DENTON (UNT), Texas — Many kids are picky eaters, and 6-year-old Ryan Lingo "takes the cake." So when he reached to eat the orange muffin a few weeks ago, his parents were more than surprised.
"We were astonished," said Lucia Lingo, Ryan's mother. "This is a child who wouldn't eat anything except goldfish crackers, pizza and prosciutto sandwiches. No vegetables. No fruits. As a mom I'm always concerned about his nutrition."
Food got yummier for Ryan because of Yummy Starts, a healthy eating program geared for kids with autism spectrum disorder. The program is one of four behavioral intervention services offered at the Easter Seals North Texas Autism Treatment Program, a collaboration between the University of North Texas Department of Behavior Analysis and Easter Seals, the world's largest provider of services for people with autism.
Easter Seals North Texas integrates the research of Shahla Ala'i-Rosales and Jesus Rosales-Ruiz, UNT associate professors of behavior analysis, and that of their graduate students and alumni across four service areas:
- Sunny Starts — strategies for parents of toddlers diagnosed with autism
- Yummy Starts — food expansion program for appropriate, healthy eating habits
- Comprehensive Intervention — 20 hours per week of applied behavior analysis services across all skill areas
- Focused Intervention — Eight hours per week of applied behavior analysis services therapy targeting primary areas of need
"Our partnership exemplifies the UNT approach to community engagement," said Ala'i-Rosales. "Our students engage in meaningful service learning, our partner gives us important feedback that stimulates practical and compassionate scholarship, and our entire community is strengthened."
The team of research associates and student therapists regularly meets with families to review and assist with cases.
Yummy Starts focuses on creating happy, socially appropriate mealtime experiences. Program director Sara Weinkauf said typical challenges are associated around food for kids with extreme selective eating habits, and especially for kids with autism like Ryan.
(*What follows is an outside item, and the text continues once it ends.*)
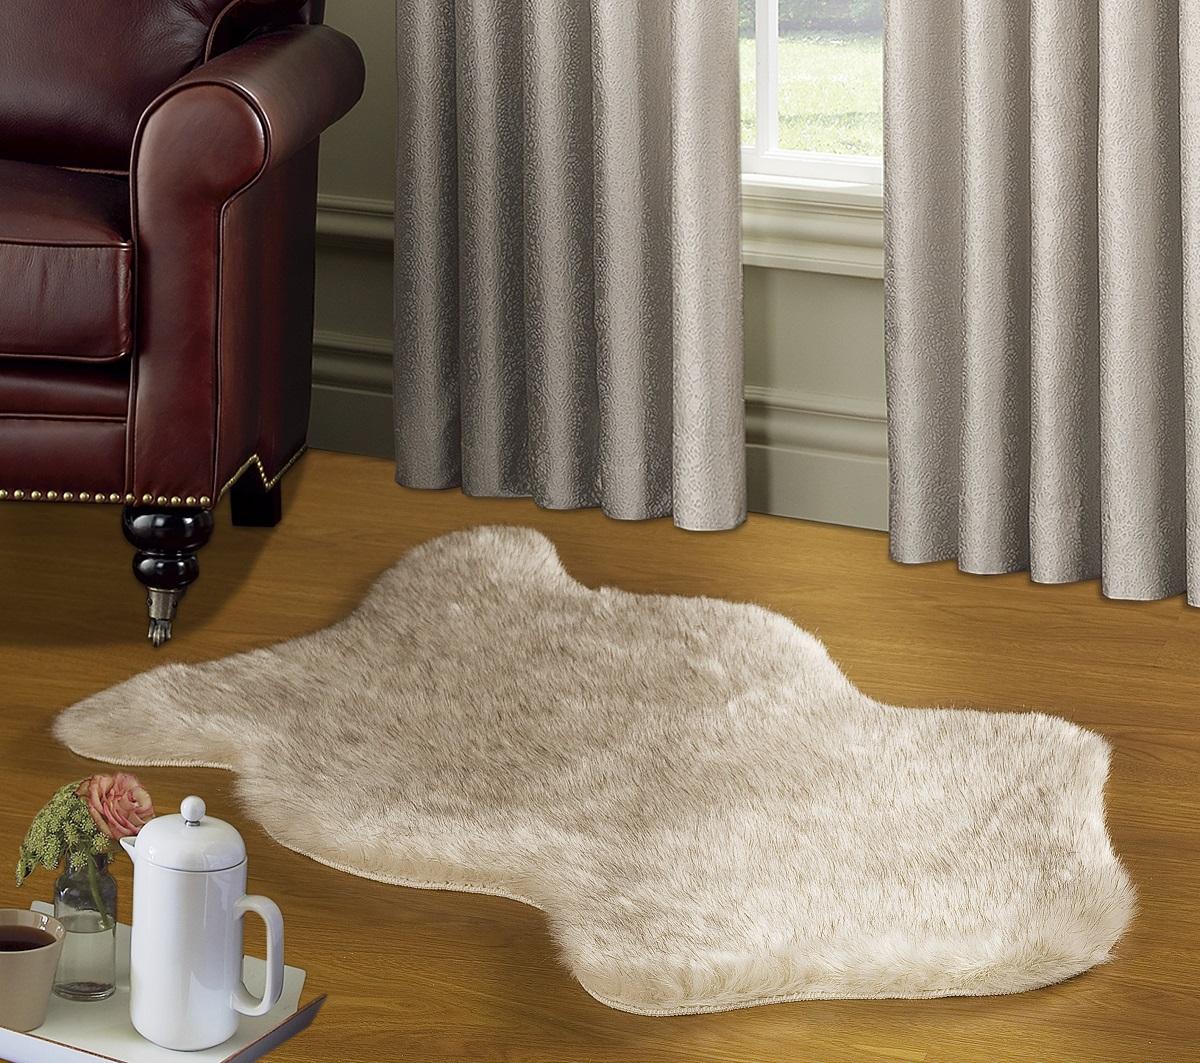 """Коврик Modalin """"Manal"""" выполнен из искусственного меха. Изделие долго прослужит в  вашем доме, добавляя тепло и уют, а также внесет неповторимый колорит в  интерьер."""

"Mealtimes can be aversive, isolating experiences for some families," said Weinkauf, a graduate of UNT’s behavior analysis program. "In Yummy Starts we don’t instruct the children to eat specific foods or force them to eat. Rather, we teach the kids to engage with foods in a positive context. With this approach, we have seen excellent results in children trying new foods and participating with others at mealtime."
For Ryan, this could mean squishing blueberries instead of eating them, chewing a carrot and spitting it out, or just smelling a pickle. Interacting with food is encouraged, regardless of whether it is swallowed.
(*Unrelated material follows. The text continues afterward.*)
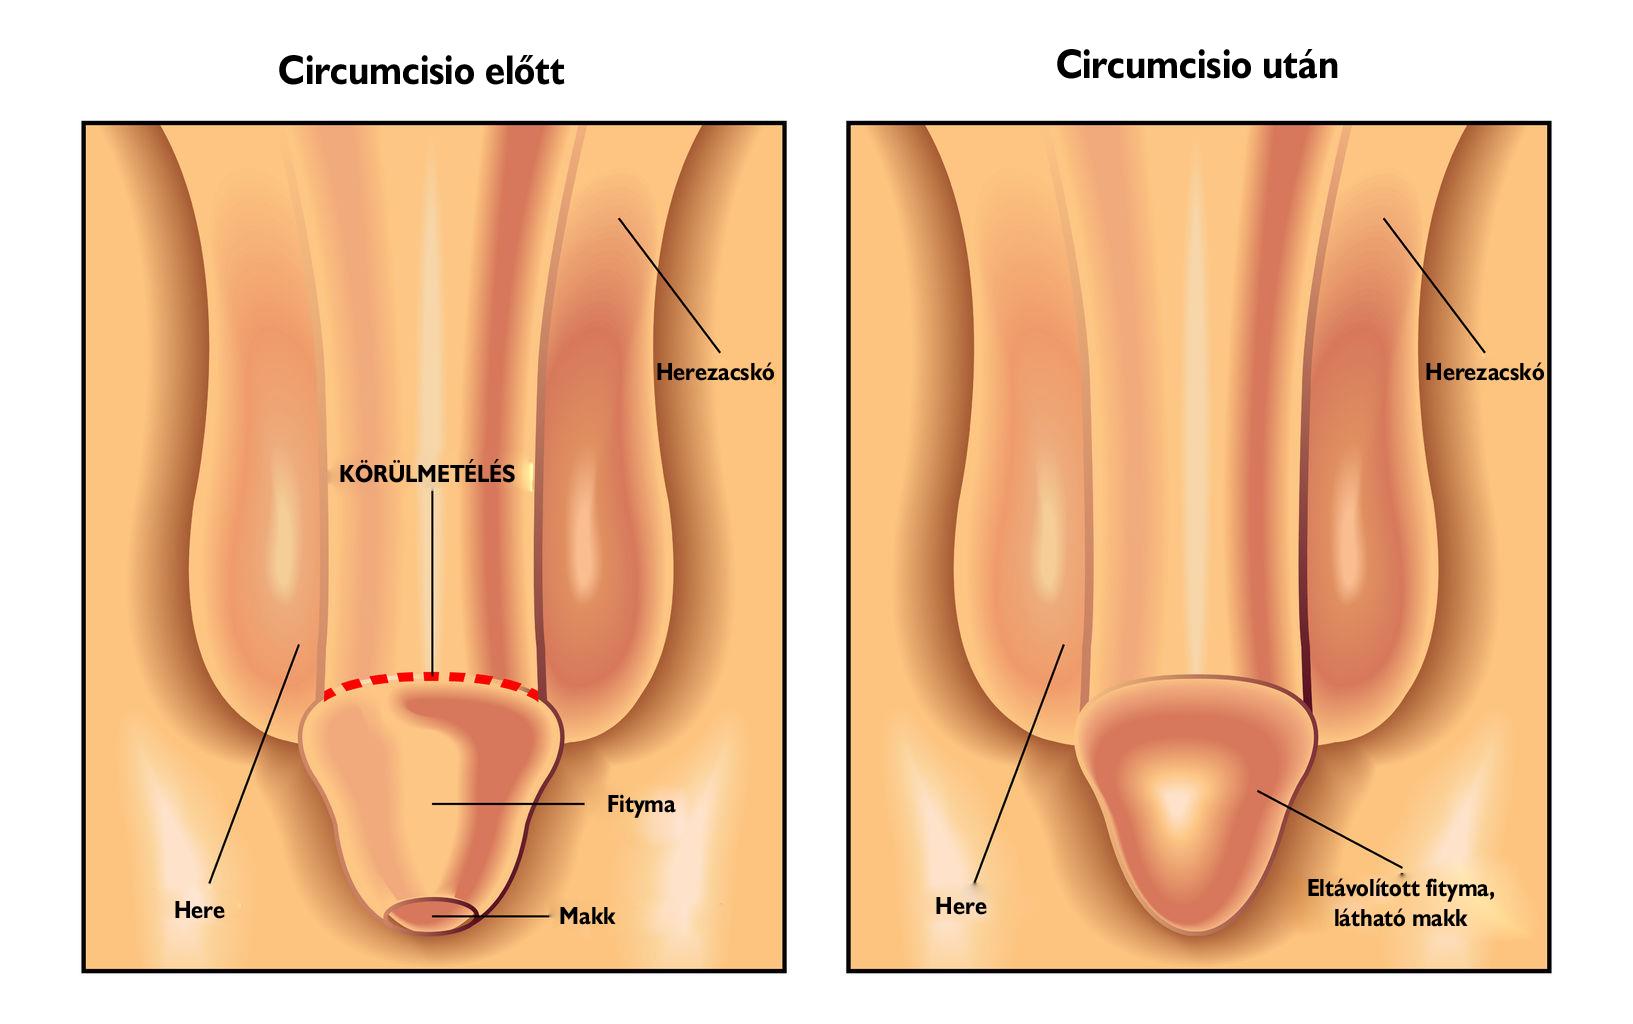 Valamilyen oknál fogva a pénisz vénája duzzadt: mit kell tennie? - Tünetek - September

At six weeks into the program, Ryan's parents are seeing a difference.
"He’s touching more foods, tasting more foods," said Lingo. "Because of Yummy Starts he's curious to engage with foods he's typically avoided."
Ryan has graduated to the next stage in the program, which involves a behavior analyst teaching mealtime strategies to Ryan and his family twice a week in their home. He will transition into the Focused Intervention program this summer to learn specific skills for success at school in the fall, such as how to raise his hand, stand in line and wait his turn. This program has already helped build his vocabulary up to four- and five-word sentences such as "Please pass the ball" and "I want to go now." And it has helped him channel repetitive, self-stimulatory movements such as hand clapping, spinning and disruptive vocalizations into appropriate behavior, or to stop if asked.
Lingo said she is grateful for all that Ryan has learned through the program. She now works for Partners Resource Network to help other parents successfully access services such as Sunny Starts. Lingo said Sunny Starts gave her and her husband, Barry, critical support when Ryan was 2 and they didn’t have many treatment options.
"Parents of children with autism need coping strategies," said Lingo. "It can be overwhelming. I was numb at first. I cried all the time. But I'm the kind of person who needs to find solutions. UNT resources at Easter Seals North Texas have given us quality services, top notch training and parent advocacy. More importantly, they have given us results."
Now Ryan is an avid swimmer. He'll start baseball soon, and horseback riding with his big sister Sam.
"Ryan is doing great and has made excellent progress in all areas," said Weinkauf. "We look forward to seeing continued progress, both in the Autism Treatment Program and in school this fall."
The UNT collaboration with Easter Seals North Texas began in 2008 and is offered in Carrollton, Dallas and Fort Worth thanks to the faculty at UNT and grant support from the Texas Department of Assistive and Rehabilitative Services. More than 60 UNT students and alumni have worked in the program through the years as interns, full-time employees, board-certified behavior analysts or directors.